Problem #3: You Struggle With Guilt When Decluttering
When you begin to declutter your home you will find that there are pieces of clutter that are difficult to part with because of guilt. You may encounter emotional guilt, financial guilt or both. Emotional guilt is more difficult to get past than financial guilt. You may feel emotional guilt because the item is part of your past that you are struggling to let go of. Another reason you may feel emotional guilt is because the item came from a family member and you feel bad getting rid of it. You feel financial guilt when you know you spent money on an item, but you didn’t get your money’s worth out of it. It is perfectly normal to feel any or all of these types of guilt.
Solution #3: Let it Go
I know it is not as simple as they say in the song from the movie “Frozen”, but ultimately at the end of the day, it’s time to let the clutter go. If your stuff is causing you to feel overwhelmed and fatigued you have too much stuff. That doesn’t mean that you have to let go of every item that has sentimental value, but it does mean that you have curate a collection of the items that mean the most. After that, let go of the rest.
If you are feeling guilty about decluttering an item that someone else gave you. Remember if they passed it on to you, they ultimately didn’t want it either. Once it is in your home, it is belongs to you. You have the final say on what to do with it. Now, if it is a family heirloom, you may want to consult with family before you discard it. If the item is just a random item then feel free to make the final decision on it.
While financial guilt is not as bad as emotional guilt over an item. Financial guilt can cause you to struggle with making the decision to let an item go. The more you spent on the item and the number of times you used it may factor in. It’s best to accept that the money is gone and that unless the item is extremely unique or one of a kind you can always replace it should you need to.
When it comes to letting go of items that you feel financially or emotionally tied to, I like the method Marie Kondo uses. She believes in thanking an item for it’s service before you put it in the discard pile. Remember that if an item is useful and you donate it, it can still benefit someone else in the future. When a piece of clutter is taking up space in your home. It is no longer blessing you, it is overwhelming you and stressing you out.
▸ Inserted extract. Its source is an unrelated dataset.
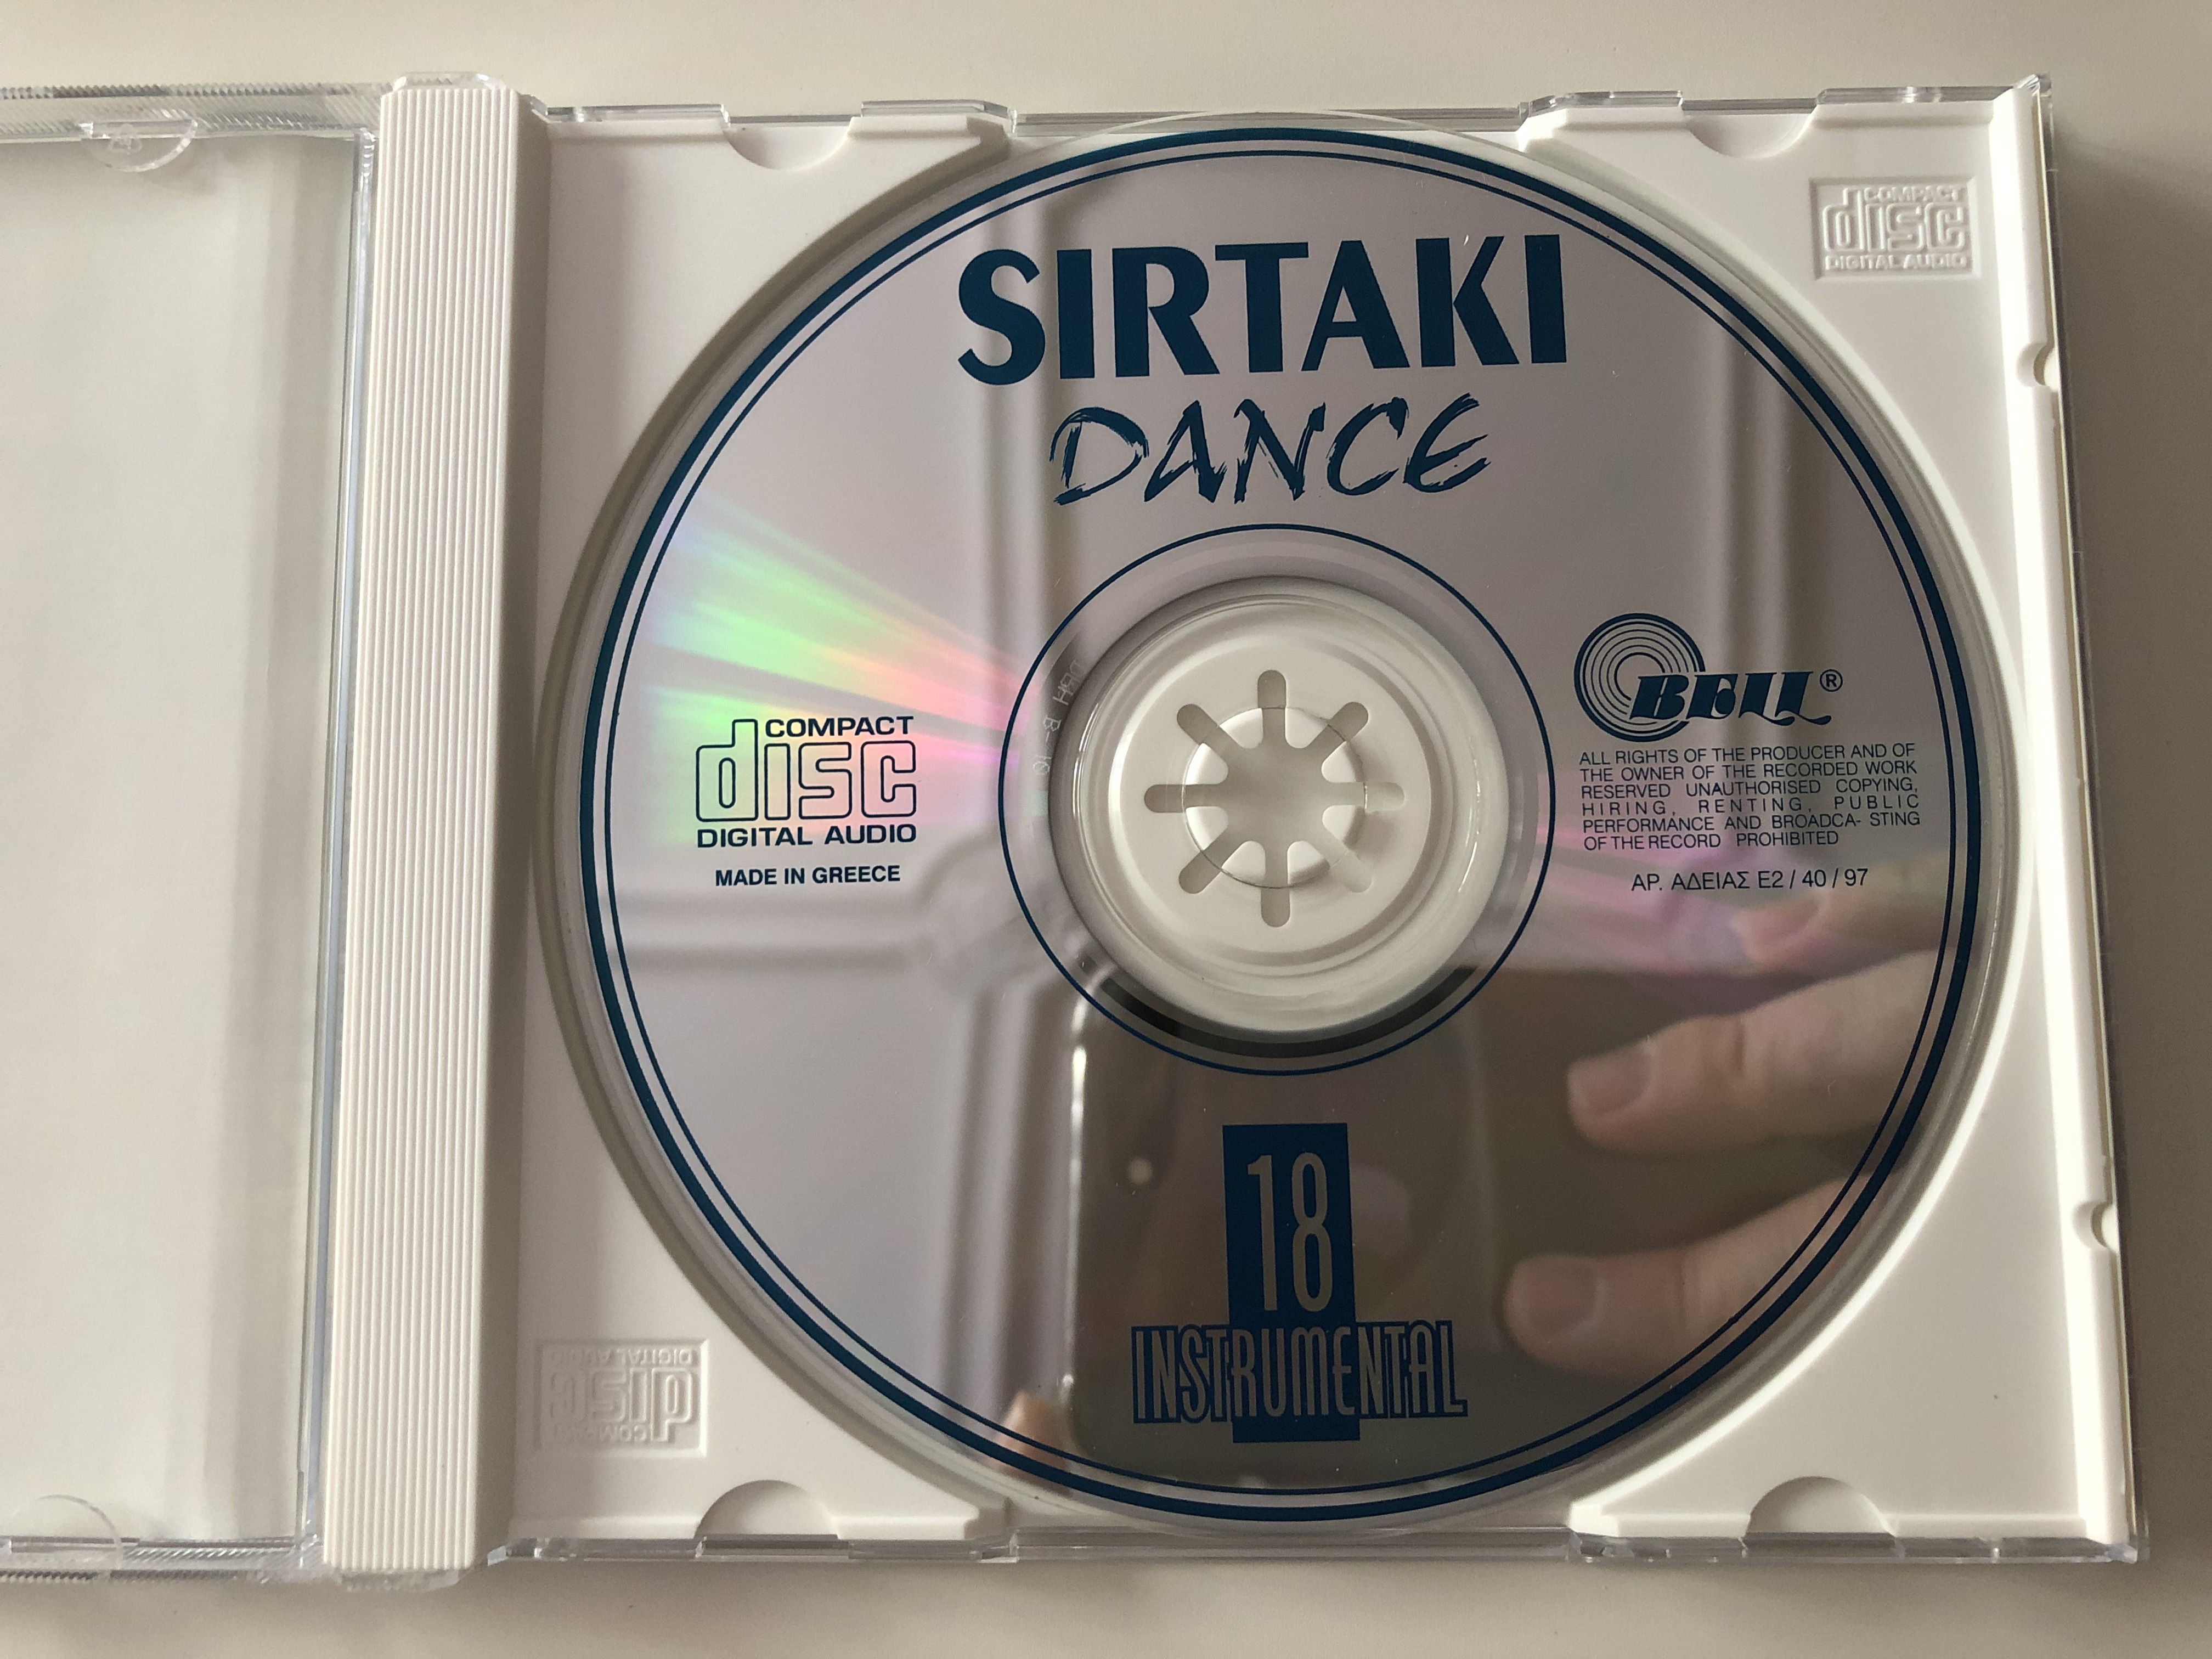 sirtaki-dance-18-instrumental-bell-audio-cd-ap.-a-24097-2-.jpg

Decluttering is not an easy process. The more stuff you own the more difficult the process can be. Once you identify your decluttering roadblocks you can start to work around them and make progress. Even if you only do a little bit at a time, eventually you will get your time and your space back. You will clear your home and your mind at the same time. That will be worth far more than the cost the clutter is causing you now.